For more than two decades, the Arkansas prison system profited from selling blood plasma from inmates infected with viral hepatitis and AIDS.

Thousands of unwitting victims who received transfusions of a product called Factor 8 made from this blood died as a result.

Follow along as filmmaker Kelly Duda uncovers the tragedy that many consider a crime. Through exclusive interviews and key documents as well as never-before-seen footage, he builds a formidable case that cries out to be heard. See in-depth interviews with a wide variety of players including: victims in Canada who contracted the diseases, state prison officials, former employees, high-ranking Arkansas politicians, and inmate donors, all of which paint a horrifying portrait of what happened.

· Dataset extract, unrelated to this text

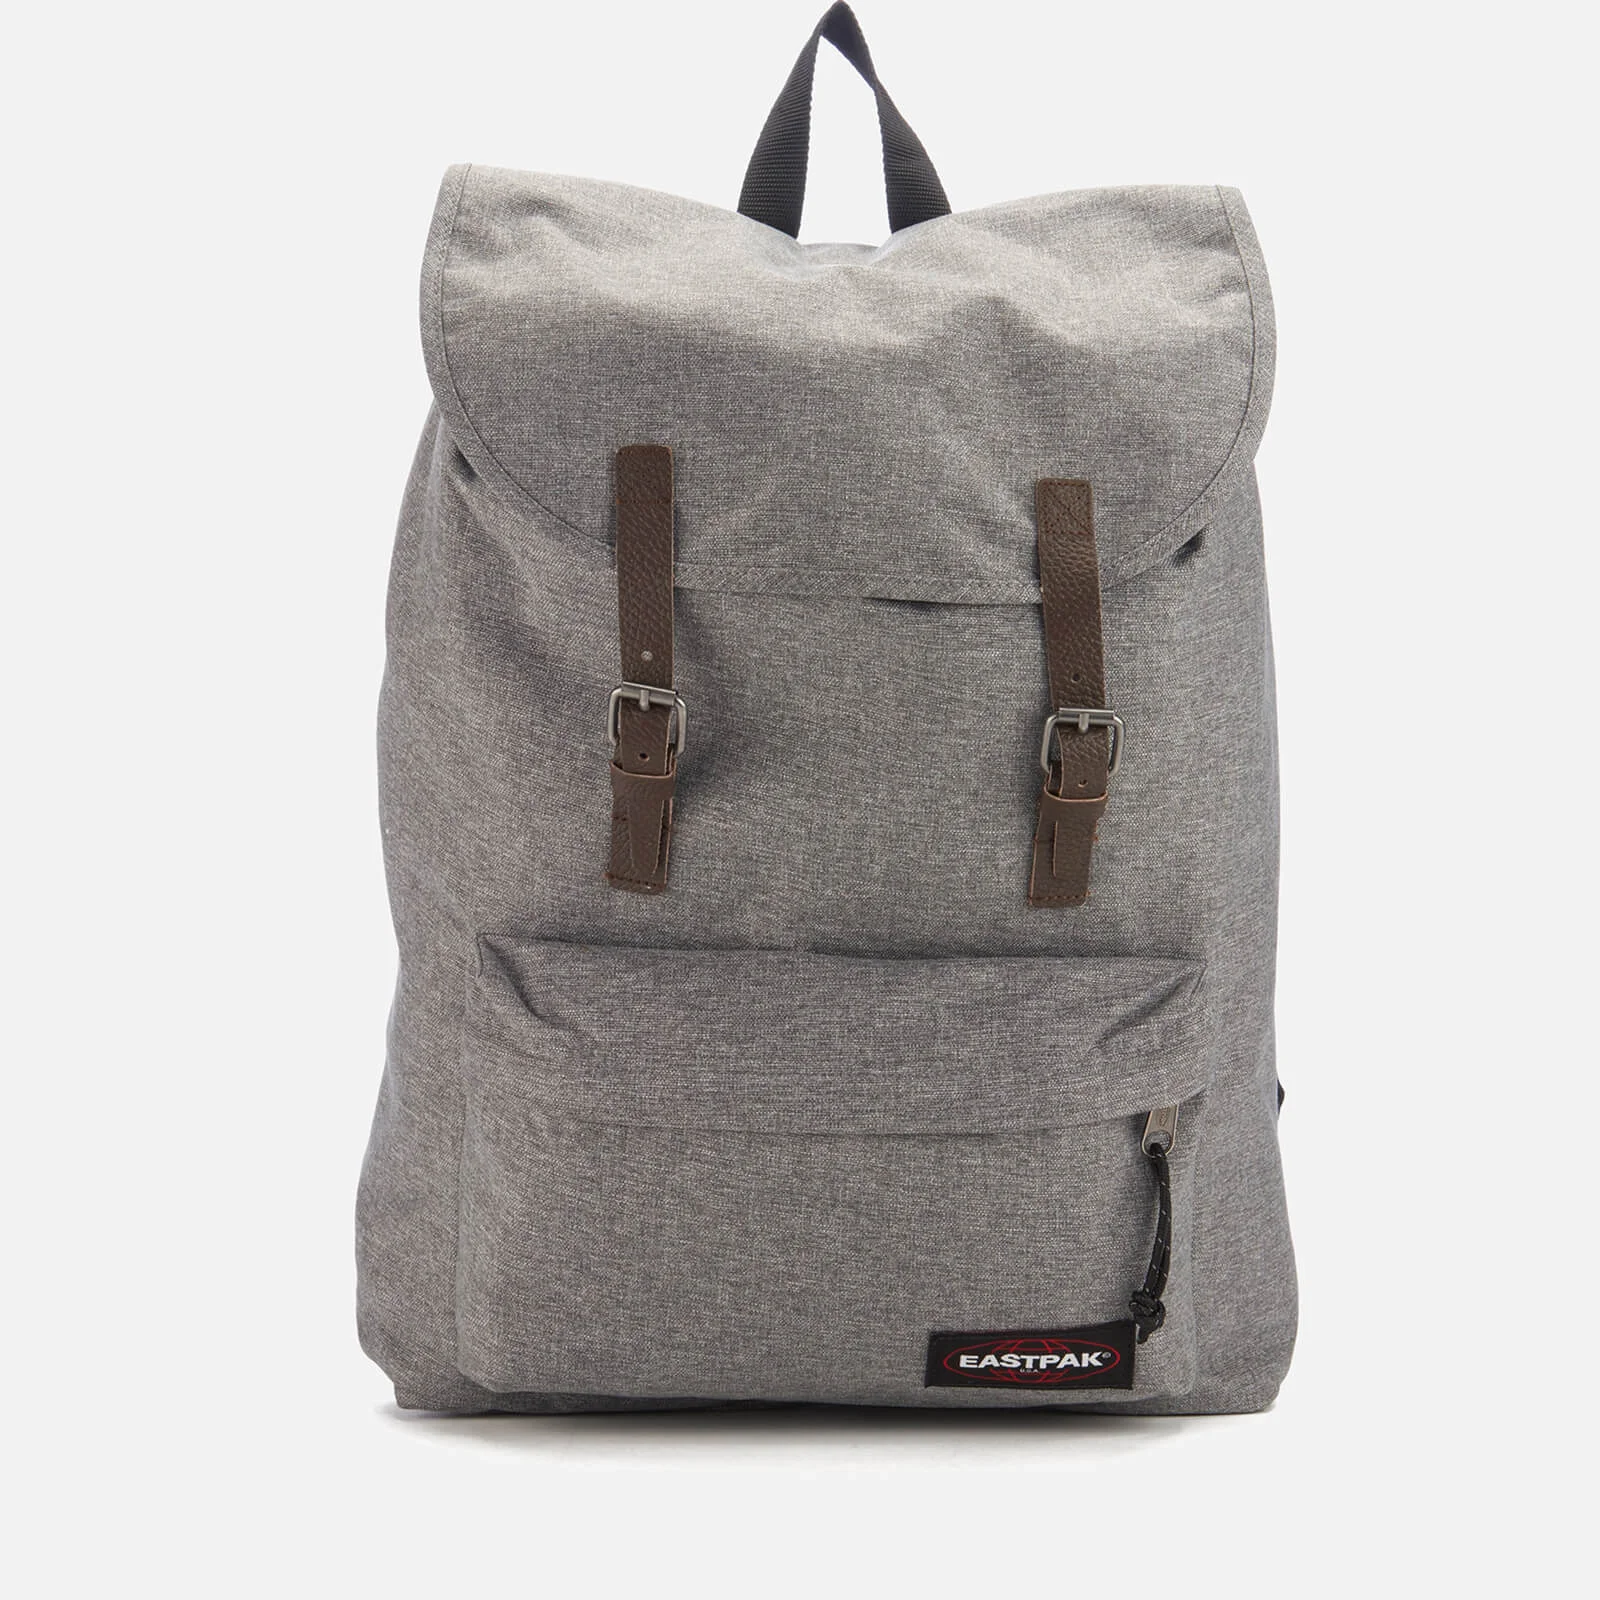 Eastpak Men's London Backpack - Stone Grey Image 1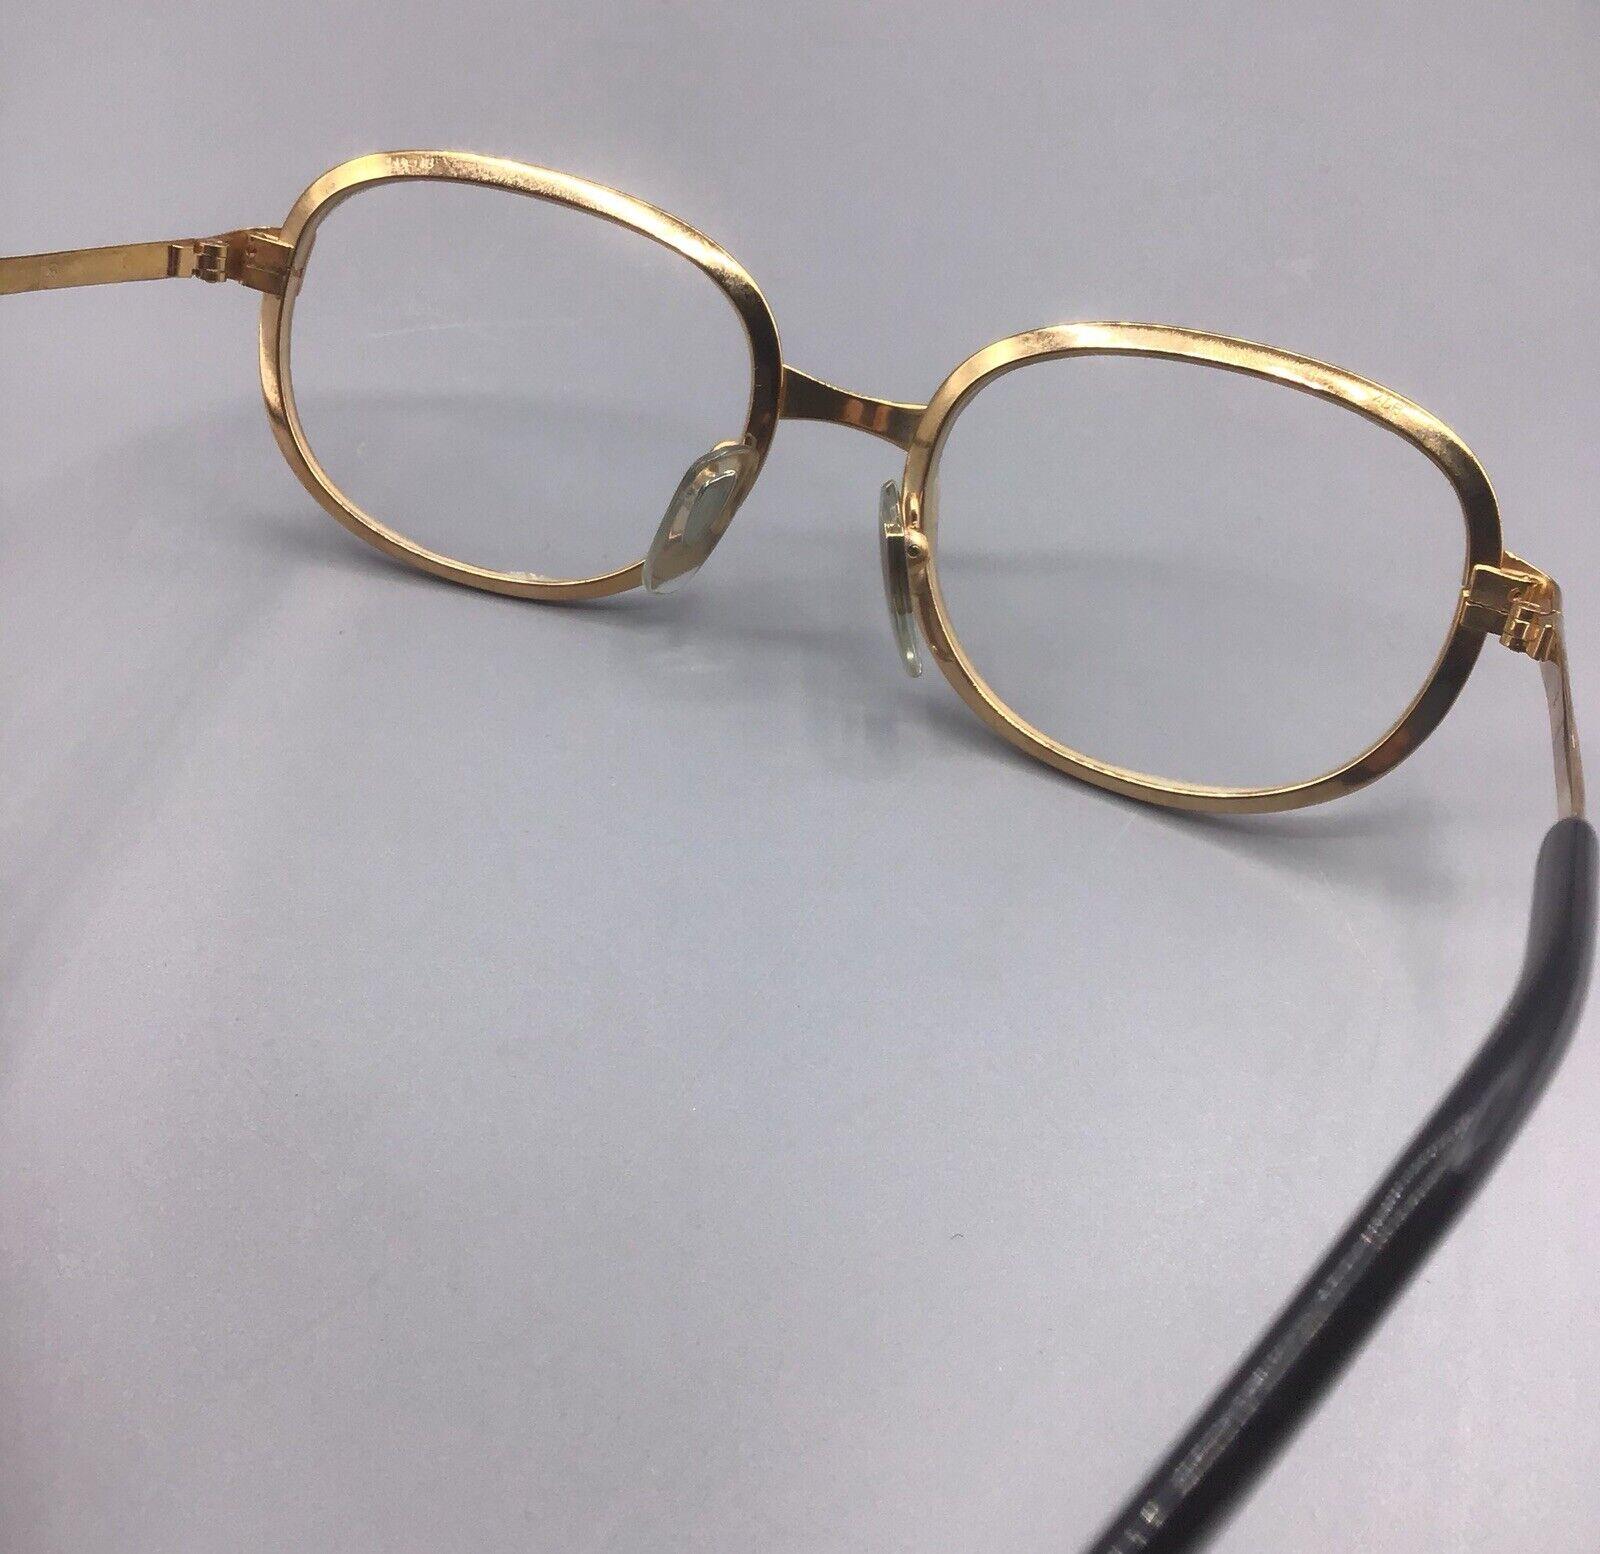 Metzler eyeglasses frame gold laminated vintage occhiale brillen

Why did the state of Arkansas and its prison system risk selling inmates’ blood for so long and how was it able to continue?

Factor 8: The Arkansas Prison Blood Scandal is an unsettling look at the complex issues surrounding prison corruption, blood safety and government oversight. This feature length documentary takes the viewer into the underbelly of the good ole boy South, and, like a Grisham novel, delivers disturbing subplots, amazing coincidences and a possible conspiracy.

At the heart of the documentary is one reporter’s dogged search for the truth. He discovers that his home state knew it was dealing a dangerous product, yet put profits over public safety while federal regulators looked the other way. Charges of cronyism and cover-up reach all the way to the administration of then-Gov. Bill Clinton. And, years before he would assume higher office, the question of “what did he know and when did he know it” comes into play.

Add death threats, burglary, and a murder to the story and a suspected campaign of fear and intimidation surfaces lending explanation to how this story was kept quiet for so long.

Even now, families are still grieving. People are still dying. Around the world major classaction lawsuits have been filed and criminal investigations are underway. While the rest of the globe looks to America for answers, the story remains largely untold and no one has ever been held accountable.

Factor 8 is one citizen’s attempt to set that right.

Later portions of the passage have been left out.